By Gordon Anderson, Sanford Herald, N.C.McClatchy-Tribune Regional News

Jul. 24, 2009--SANFORD -- Hotel rooms in Sanford are relatively easy to come by on most weekends. But visit town on a Monday or a Wednesday, and you might not be so lucky.

Area hotel managers say that's because a large portion of their business comes from corporate travel.

With Sanford being home to businesses like 3M, Caterpillar, Static Control, and Wyeth -- all of whom have country-wide or even world-wide reach -- it's not surprising that most of the people traveling here are doing so for business purposes.

"It is very much business travel," said Dipak Patel, who owns the Days Inn in Sanford and the city's new Comfort Suites, which hosted its ribbon-cutting ceremony Thursday.

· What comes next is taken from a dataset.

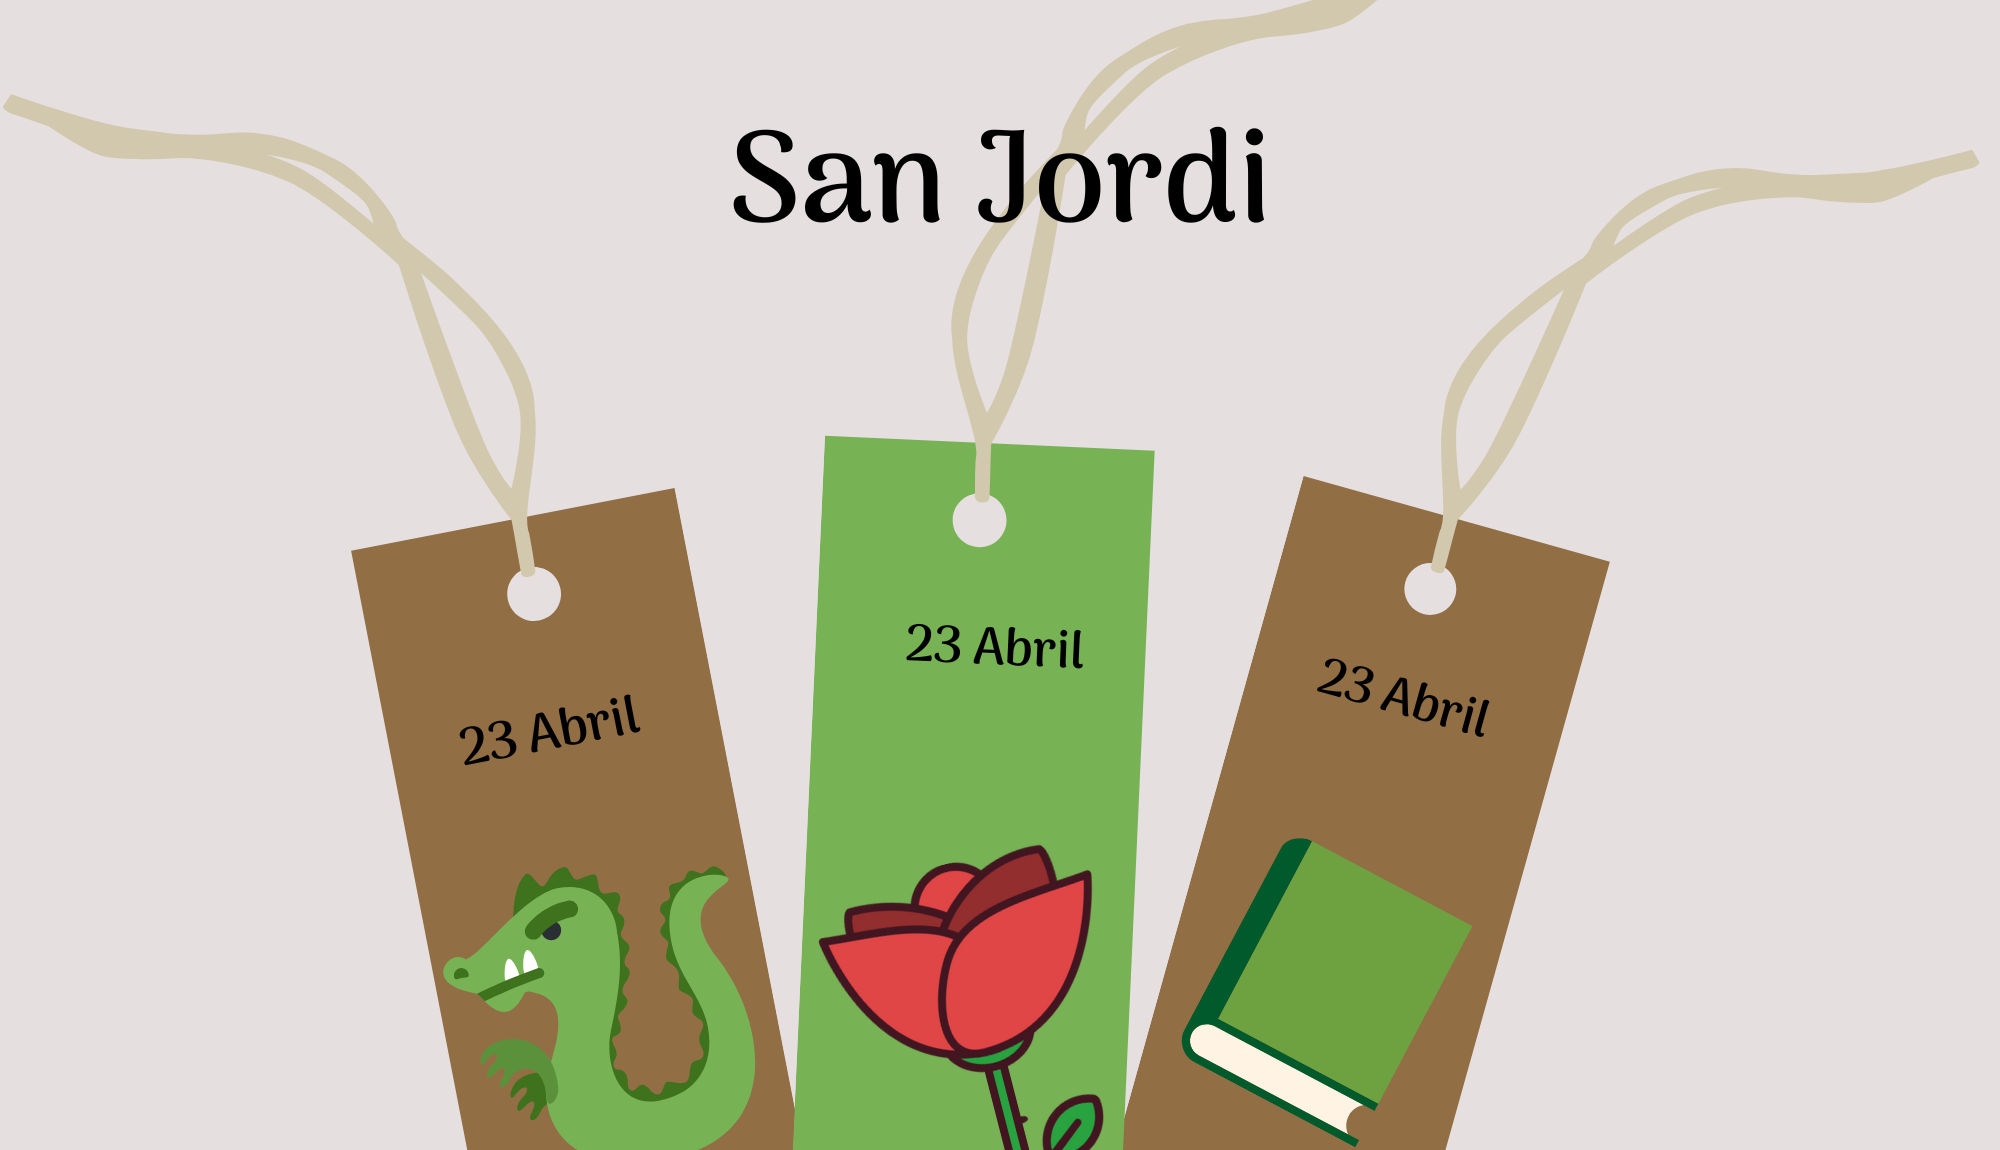 Blog Teterum. Sant Jordi, mucho más que rosas y libros. Site www.teterum.com
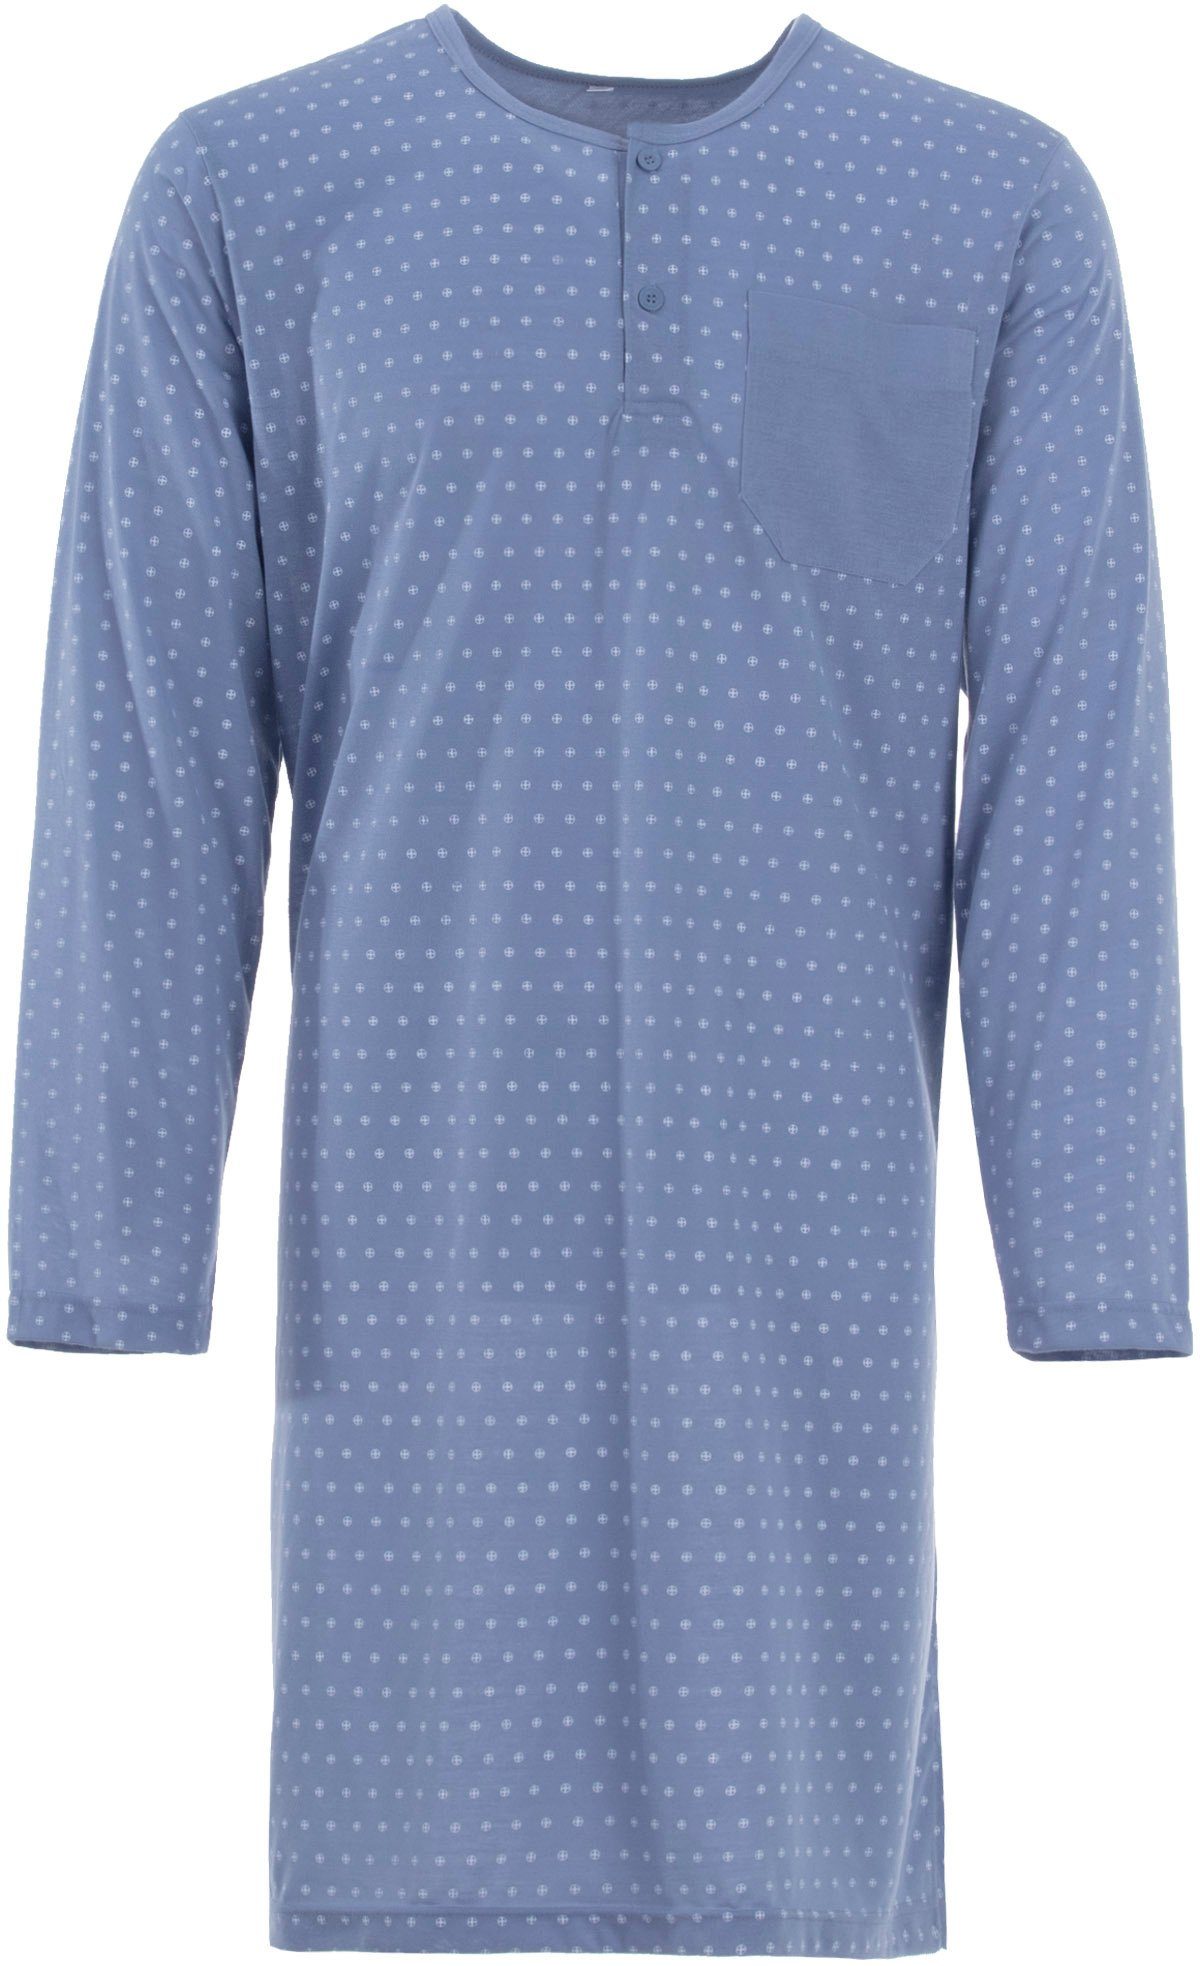 Ball Langarm - graublau Henry Nachthemd Terre Nachthemd

During his hotel's big day, Patel said he chose to go with the Comfort Suites brand for his latest franchise specifically because it is geared toward corporate clients, with suite-style rooms and other business amenities.

He said at least 80 percent of the people who come to Sanford and stay in hotels do so for business, and already, the guest list at Comfort Suites is reflecting that.

Diana Finney, general manager of the Holiday Inn Express on Horner Boulevard, estimated her corporate clientele even higher.

"I'd say at least 85 to 90 percent of our business is corporate-based," said Finney, basing this on her nine years working at the hotel.

Unlike its neighbors to the north and south, Lee County doesn't boast a booming tourism-driven economy. People travel to Wake County for its sports, its proximity to three major universities and for other amenities smaller counties like Lee lack.

Moore County, meanwhile, thrives off tourism, thanks in huge part to the golf packages and resorts offered in Pinehurst and Southern Pines.

On average, $956,164 is pumped into the Moore County economy via travel and tourism every day. The county ranks third in total travel revenues generated per capita, meaning that local government and its citizens rely heavily on travel revenues.

Earlier this year, Sanford City Councilman Mike Stone and Lee County Board of Commissioners Chairman Richard Hayes had toyed with the idea of increasing the county's hotel/motel tax rate from 4 percent to 8 percent.

The thought was to use the excess revenue generated by the increase to fund a tourism authority for Sanford and Lee County.

The tax currently funds the Dennis A. Wicker Civic Center on the campus of Central Carolina Community College.

Finney said that such an increase wouldn't be prudent for the area because of the low level of recreational travel.

"I don't see how our clients paying a higher tax would benefit the community. It would just hurt the businesses who bring people into town," she said.

Stone said the option is off the table for now, because rules passed by the General Assembly since the arrangement with the Civic Center would mean any change in the tax would also cause a change in the way funds are distributed.

"If we change the hotel/motel tax structure, we have new rules to follow," he said, explaining that the new rules stipulate that only 33 percent of any hotel/motel tax can go toward any one building.

"It would end up to where we'd be generating even less money for the civic center."